(Exercise brief) Retype each line of the material exactly, please, skipping any picture in it.

(Recorded data)
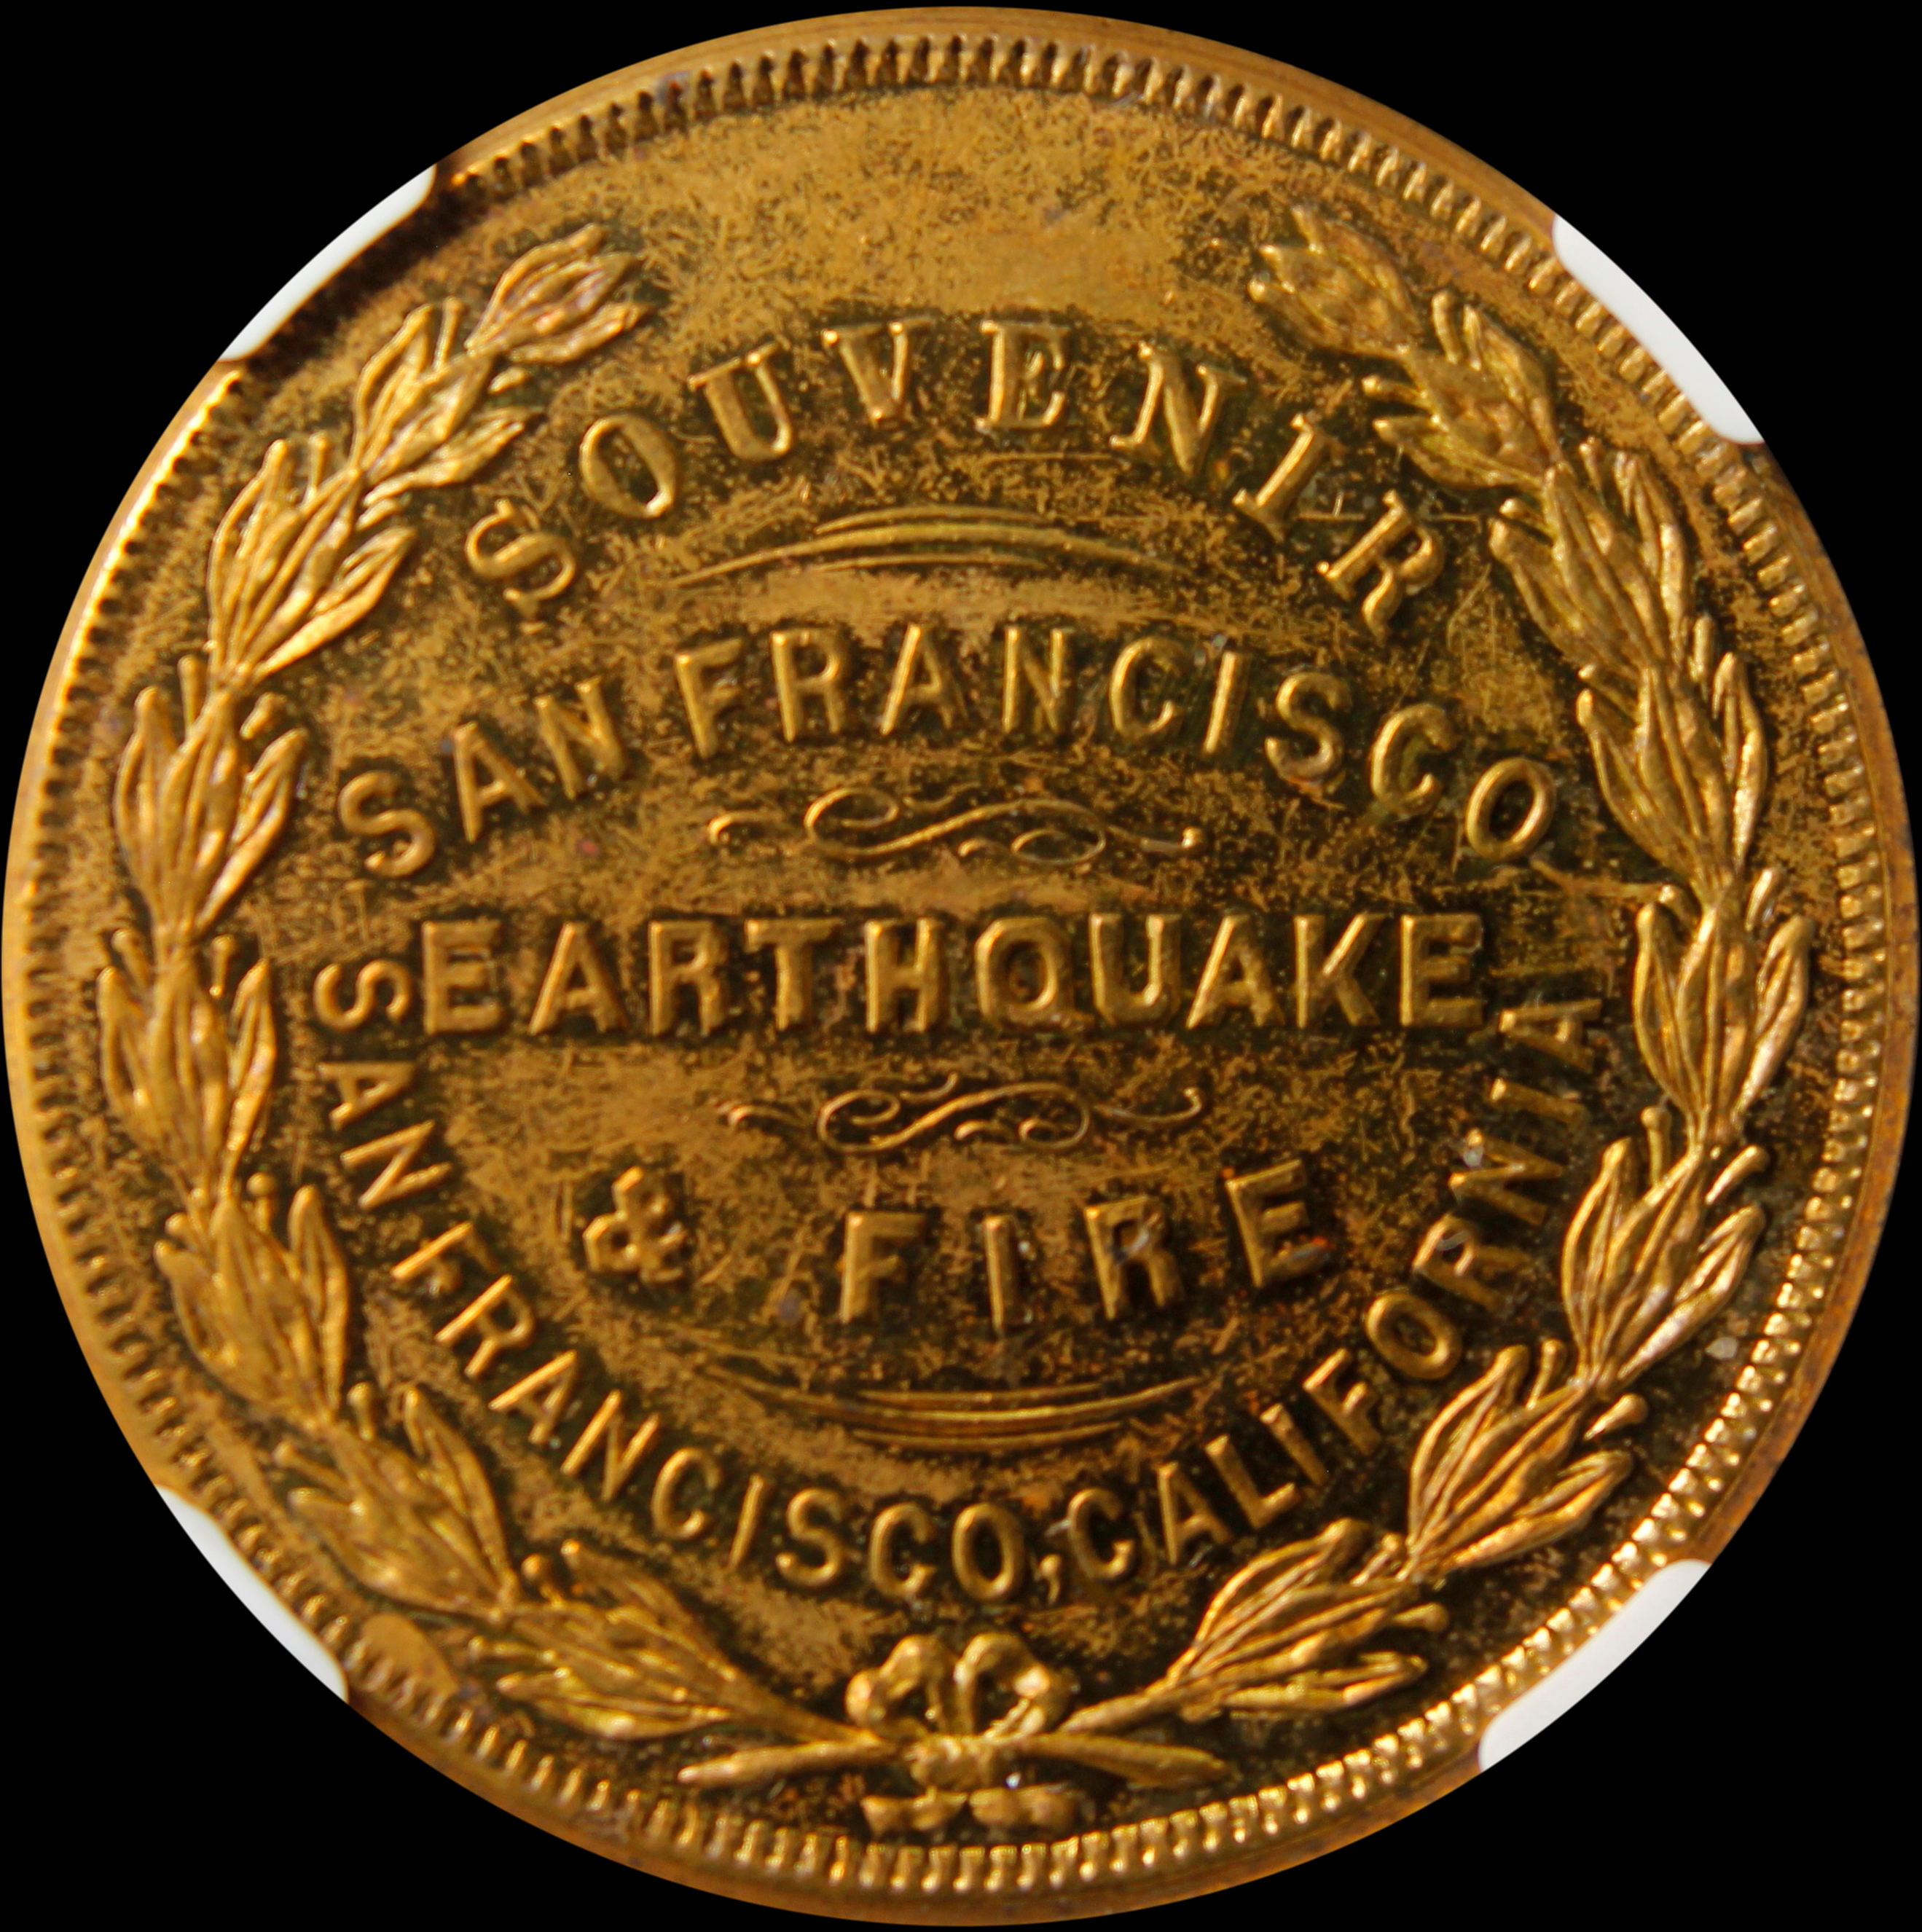 HK-343 1906 San Francisco Earthquake Cliff House Souvenir SCD
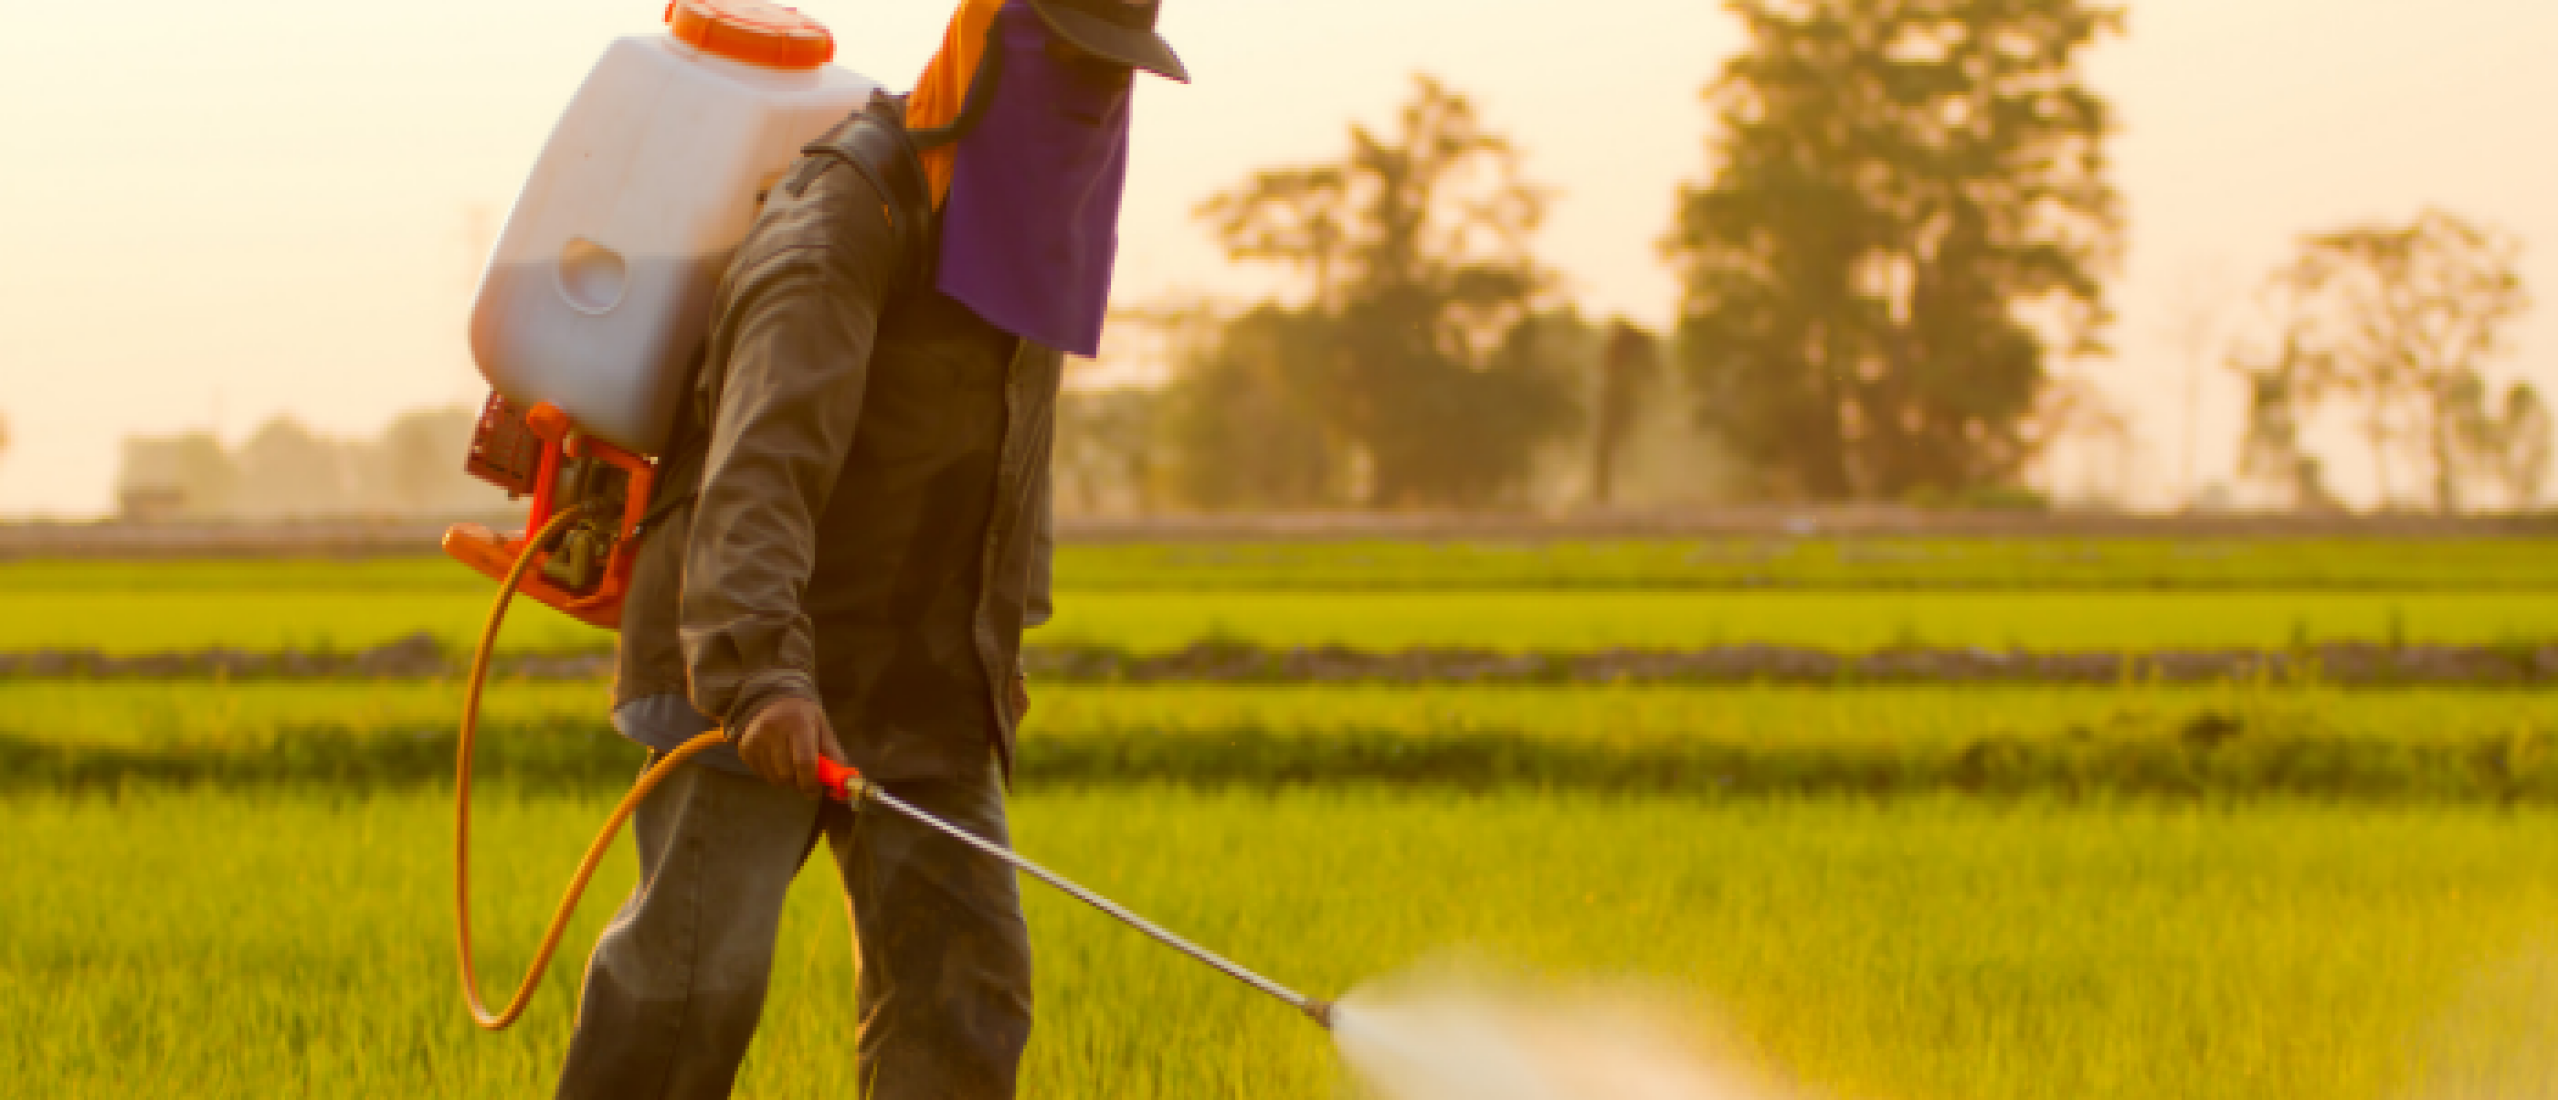 Glutenintolerantie of pesticide vervuiling?
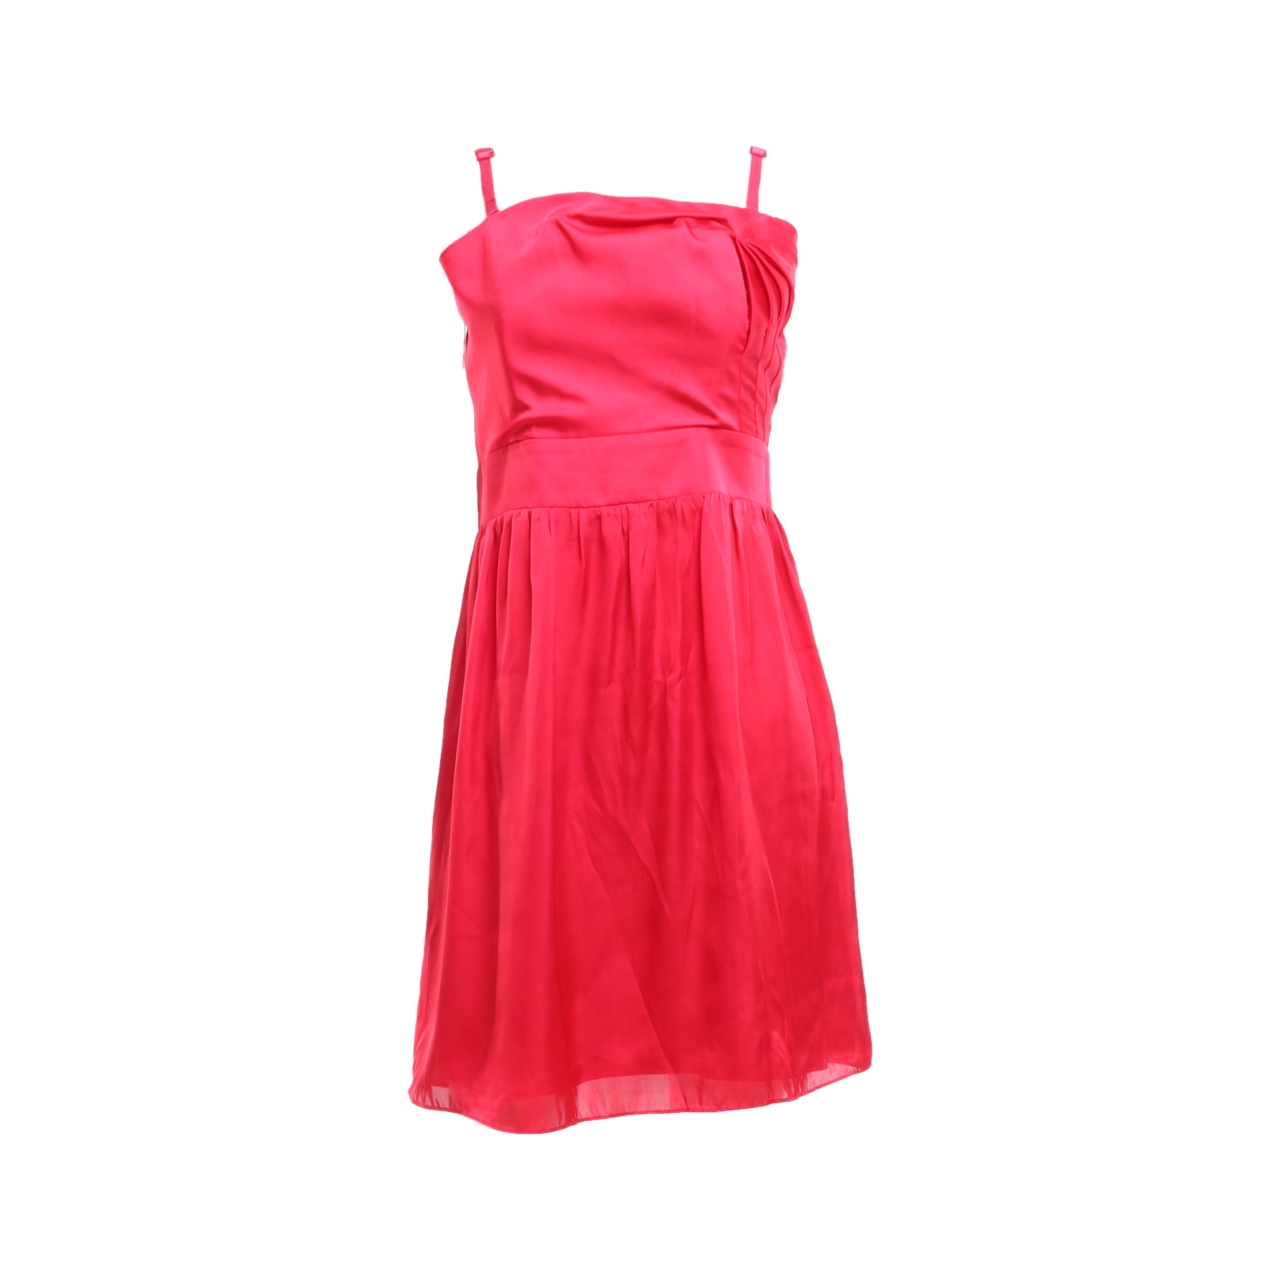 Cooper ST Cherry Red Tube Mini Dress

(Answer to this problem)
 HK-343 1906 San Francisco Earthquake Cliff House Souvenir SCD
 Glutenintolerantie of pesticide vervuiling?
 Cooper ST Cherry Red Tube Mini Dress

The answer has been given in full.